Friday, February 26, 2010

The Logic of "Yield" in Calculations of Diversity:

The Logic of "Yield" in Calculations of Diversity:

It is not enough for the UC system to have policies that increase minority admissions. One often neglected issue is what the UC administration terms "yield rate": the percentage of students who receive offers of admission and then choose to enroll in the UC system.

K. Wayne Yang, an Assistant Professor of Ethnic Studies at UCSD recently wrote an open letter to the UC San Diego community. Yang makes reference to the 2007 UCSD "Yield Report" and analyzes some of the underlying causes of the UCSD's extremely low yield rate for historically underrepresented minorities (only about 13% of African American" admitted to UCSD choose to enroll there). As Professor Yang puts it, "We have a 1.3% African-American student enrollment, not simply because of poor admissions, but because admitted students don’t choose to come to UCSD."

A UC Office of the President chart lists the "Applications, Admissions, and Enrollment of California Resident Freshmen from 1995-2005." In 2005, yield rates for Asian Americans, East Indian and Pakistani Americans, and Filipino Americans were higher than the overall yield rate (53%). Yield rates for all other groups were lower -- African American and American Indian yield rates were the lowest.

Asian American: 67% (9761/14,559)
East Indian/Pakistani: 63% (957/1511)
Filipino American: 54% (1536/2833)
Other: 51% (539/1052)
Unknown: 50% (1420/2824)
Latino: 49% (1192/2431)
White: 47% (10,165/21,779)
Chicano: 47% (3460/7226)
African American: 46% (909/1961)
American Indian: 43% (144/326)

One unstated reason why President Yudof has made statements like "they'll be fine" in reference to how Asian Americans will be affected by the new 2012 admissions policy may have to do with a belief that current yield rates will remain largely the same after the policy takes effect. (E.g. even if the admissions numbers of Asian Americans go down, the yield rate will still be "high" and may even increase).

BOARS admits that the UCOP studies lack predictive power because they are unable to "model [future applicant] behavior by extrapolating on the basis of past applicant behavior." This problem is exacerbated because, "[a]s we enter an era of substantial demographic shifts and financial uncertainty, the ability to predict which students will apply and where they will apply is even more uncertain."

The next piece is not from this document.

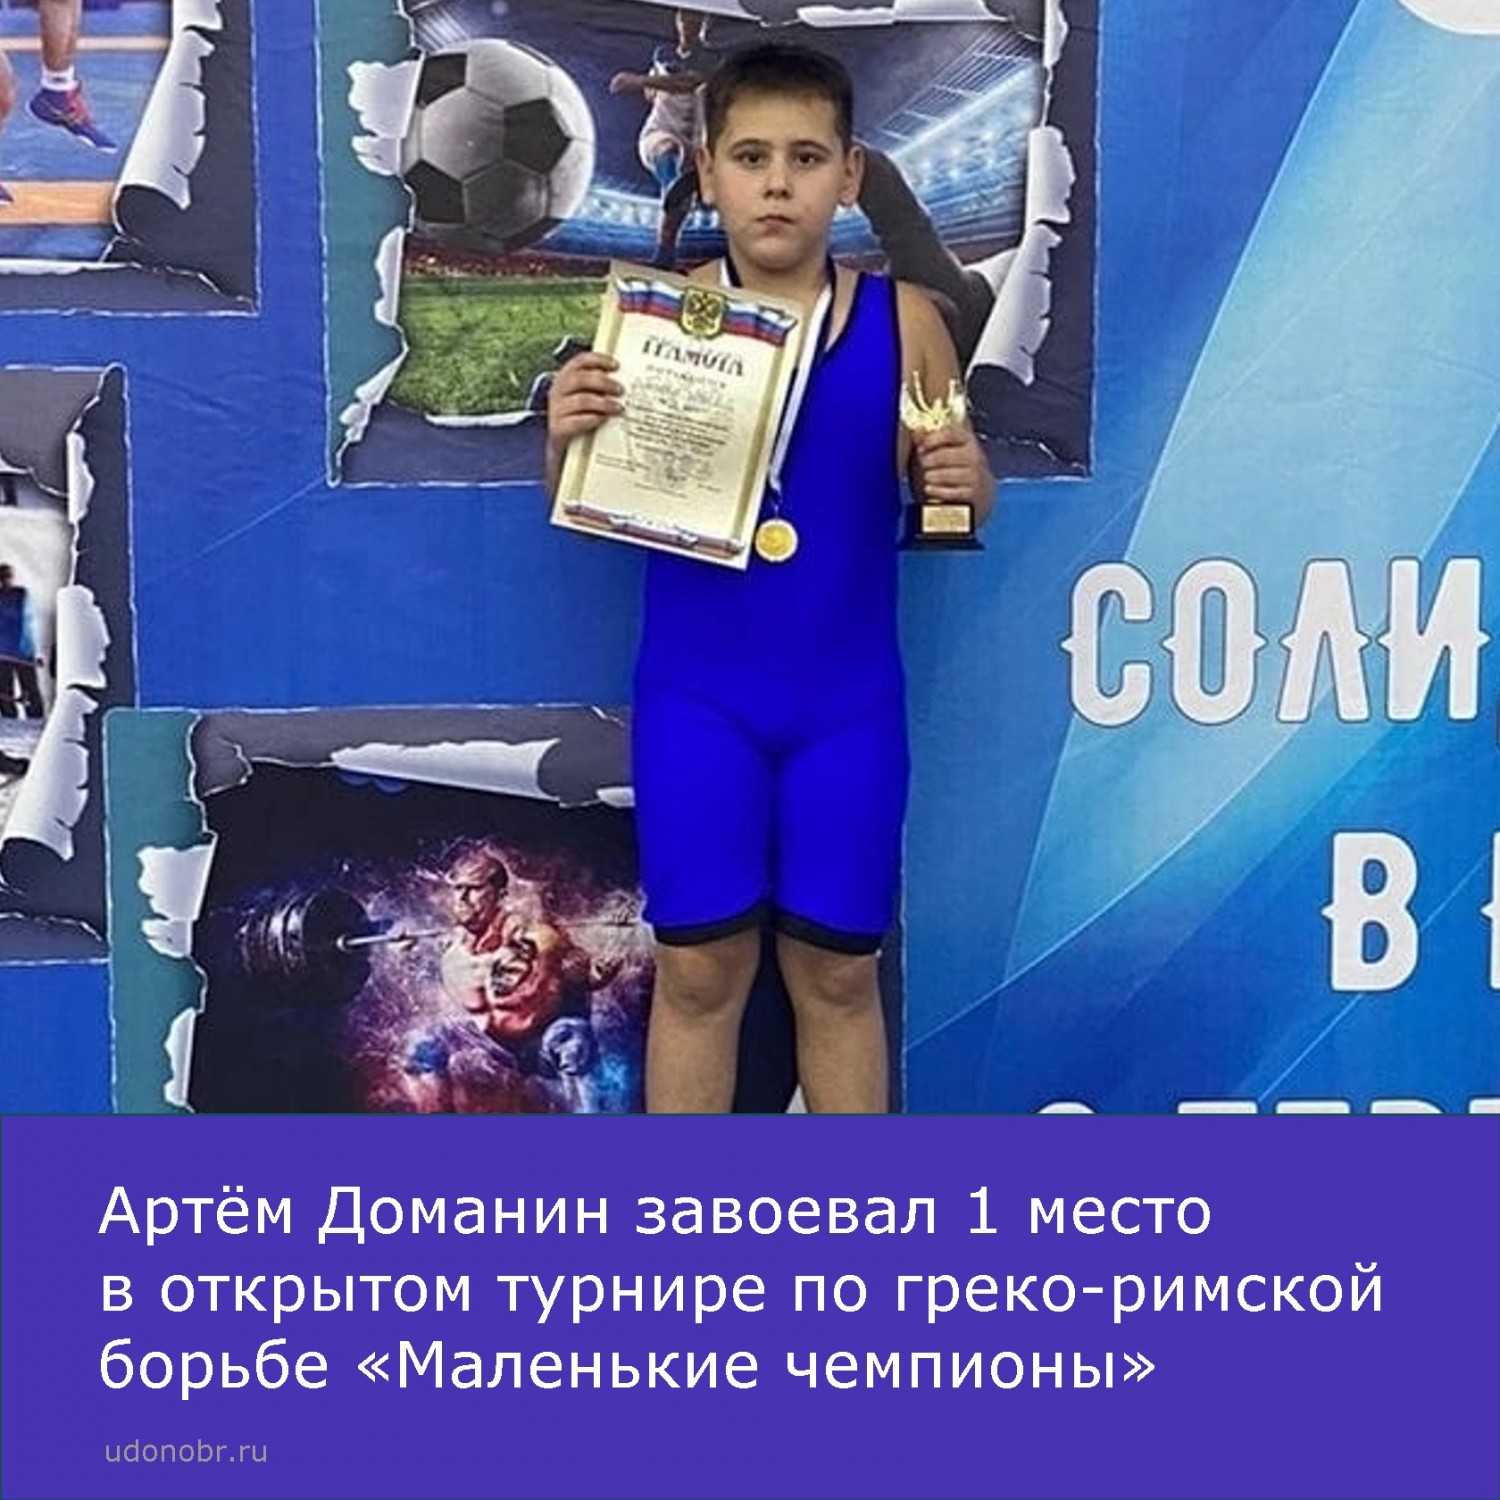 Артём Доманин завоевал 1 место в открытом турнире по греко-римской борьбе «Маленькие чемпионы»
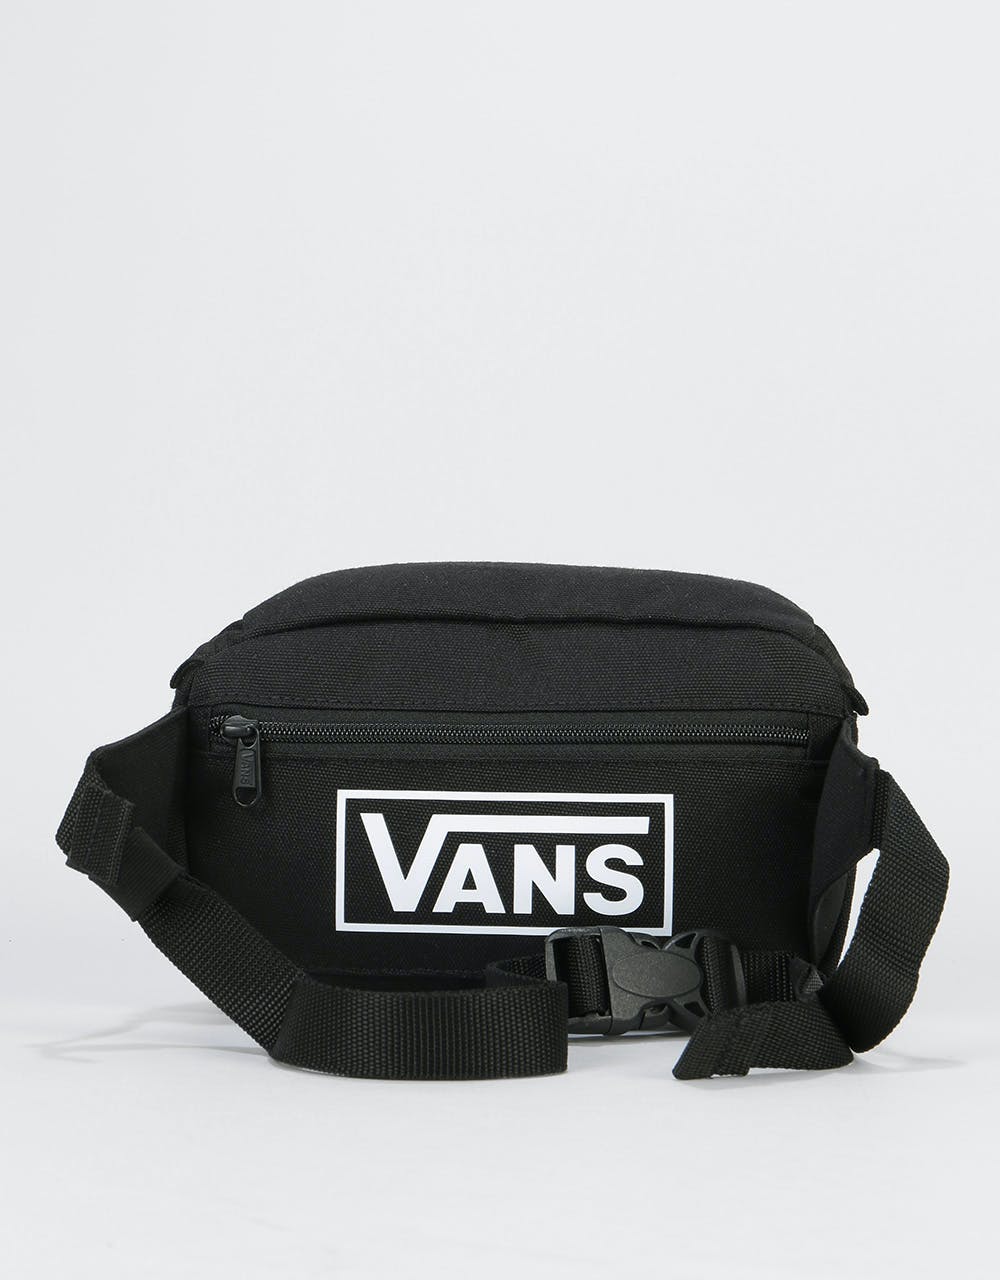 Vans Aliso Cross Body Bag - Vans Black/White

Of course, if neither BOARS nor UCOP can properly model future behavior based on past yield rates, then there is no clear reason why anyone should assert that Asian Americans, or any other group, will be fine.

But UCs low yield rates for underrepresented minorities do give reason for concern about the efficacy of the new 2012 admissions policy. As the UCSD Yield Report argues: "simply admitting highly qualified students to the campus does not guarantee enrollments. This is especially true for historically underrepresented minority populations."

Professor Yang points out that despite the particularly dismal yield rates at UCSD, the recommendations for structural changes at UC San Diego for improving yield have "by-and-large NOT been implemented despite 2 years of research and 3 years of reading time." Yield rates for underrepresented minorities at UCSD and other UC campuses will continue to be low without fundamental structural changes to support organizations and campus institutions that aid underrepresented students and address campus climates that dissuade minorities from attending a UC campus in the first place.